The stereopsis measurements carried out in the clinic are not as complicated as those utilized in a laboratory environment. The test patterns are relatively simple and the target symbols are easy to distinguish. After all, young children should not be excluded from the tests. The RDSs used in the clinic vary by dot size, density and shape. Piano et al. [25] studied 5 commonly used RDSs in the clinic and found a significant difference existing between TNO and Frisby stereotests. It is unwise to attempt to use stereotests interchangeably to test subjects.

In our test, eight RDSs were all carried out in the clinic (Table 1). The dot size at 40 cm was greater than or equal to 1 min arc in 6 out of 8 RDSs, while the dot size was close to 1 min arc (0.8 min arc) in the other 2 RDSs. The test result may be affected by reducing the dot size while increasing the test distance. An RDS composed of extremely small dots may underestimate the stereo threshold according to our experiment. However, there was no significant difference in stereopsis when evaluating stereoacuity with two different dot sizes (6-px versus 10-px). This consequence was different from the literature mentioned above. The discrepancy may result from the different test pattern designs, different test procedures, and different test environments. This reminds us, whether designing or using RDS to test stereopsis, the smallest dot size in the background should be larger than standard subject recognizability at test distance. Otherwise, underestimation of stereo threshold may result. Nevertheless, larger dot size is not necessarily better. Monocular clues become obvious with larger dots because the outline of the target symbol tends to be discerned in this circumstance.

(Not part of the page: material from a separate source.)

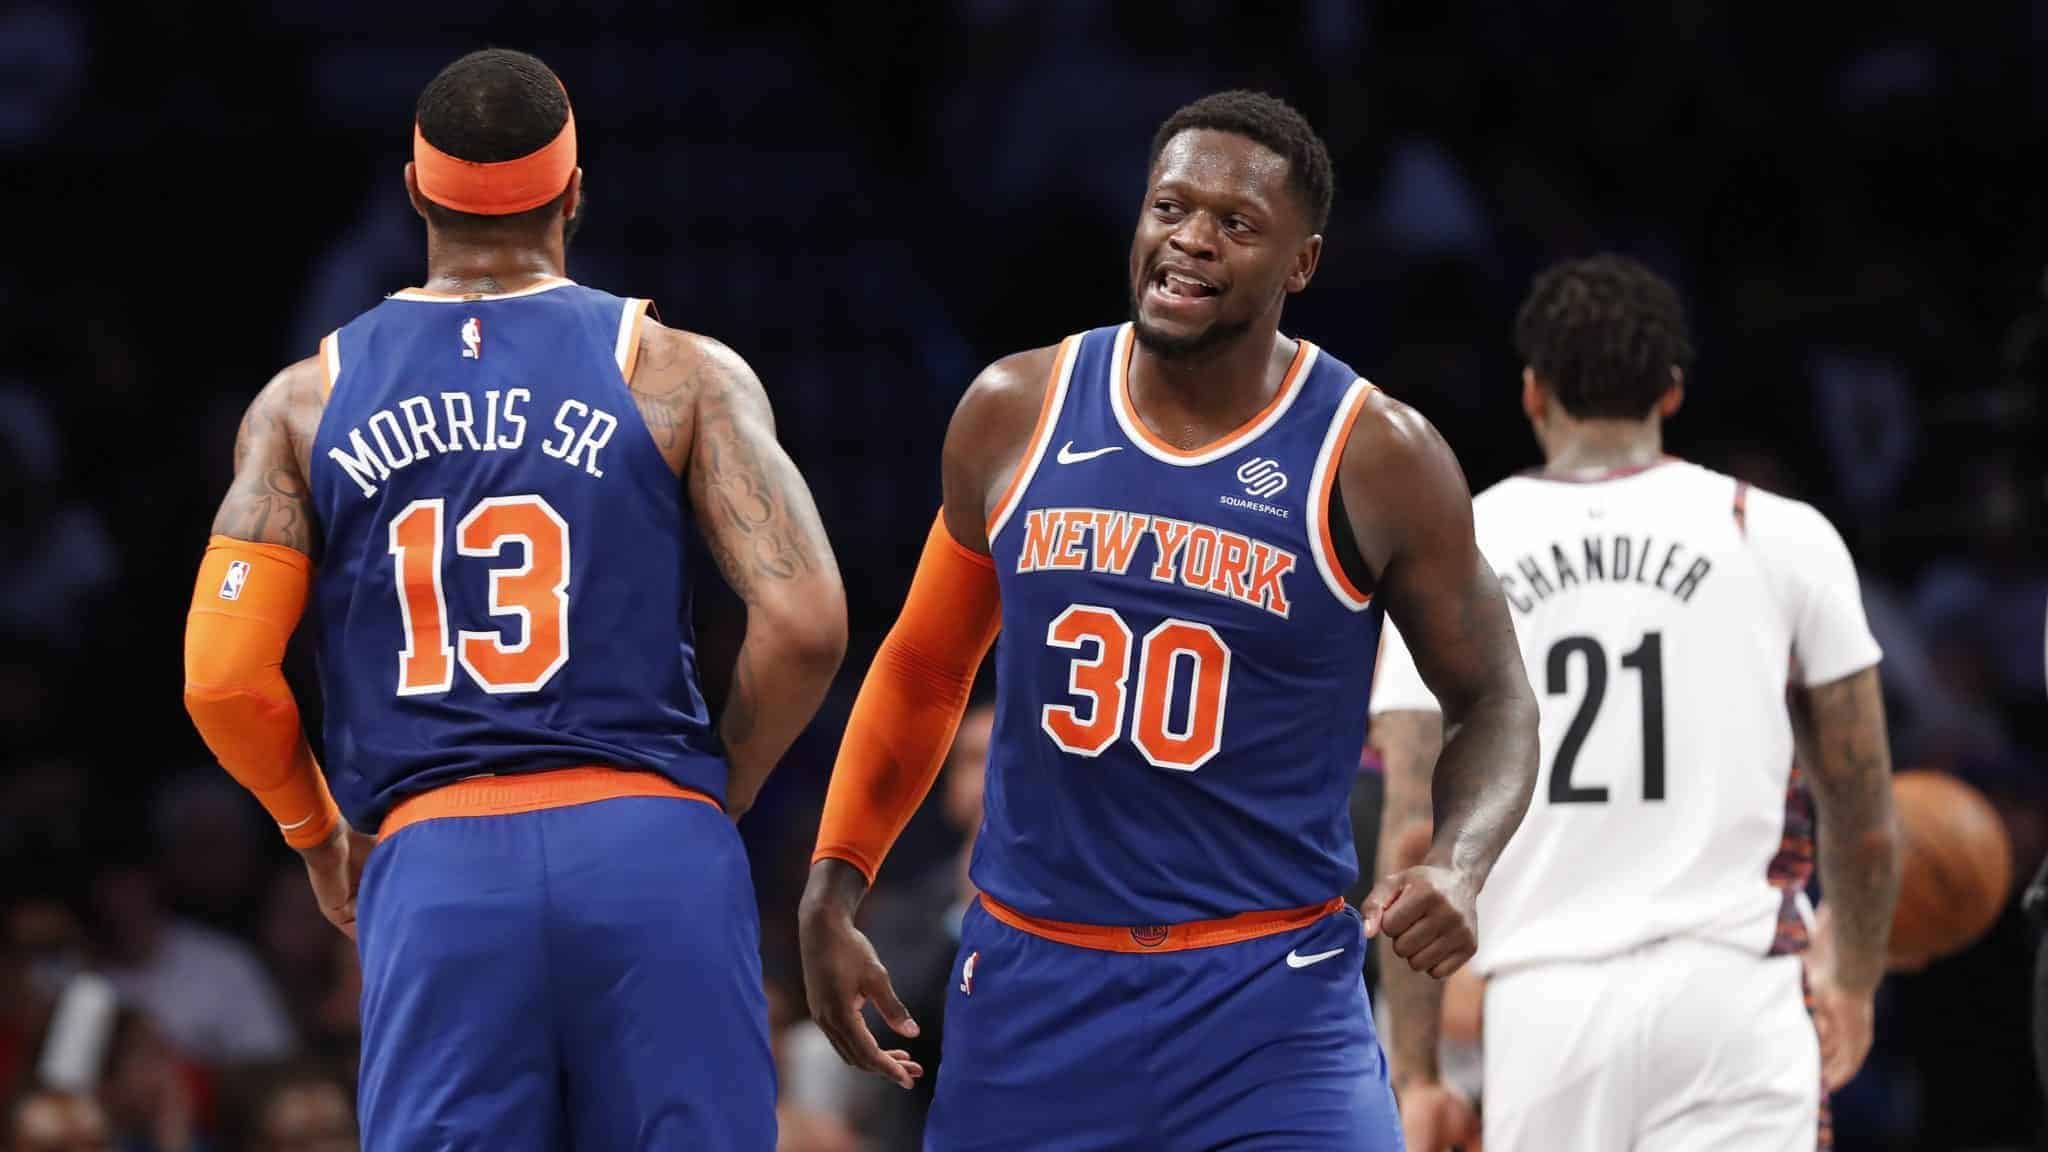 New York Knicks forward Julius Randle (30) looks around Knicks forward Marcus Morris Sr. (13) as Brooklyn Nets forward Wilson Chandler (21) walks away during the second half of an NBA basketball game, Thursday, Dec. 26, 2019, in New York.

The limitation of our study is that the participants recruited were in a relatively narrow age range, which may lead to possible age bias. All of them were young doctors, nurses and students from our department. Another limitation was that the relative influence factors, such as dot density, were not included in the study. More thorough research should be conducted in future.

Although disparities in stereotarget settings of a RDS are the test unit used to evaluate the stereothreshold, the effect of background dot sizes should not be neglected. It is recommended to avoid adopting random dot sizes that are smaller than the recognizability of the subject. Otherwise, doing so would result in the underestimation of stereothreshold.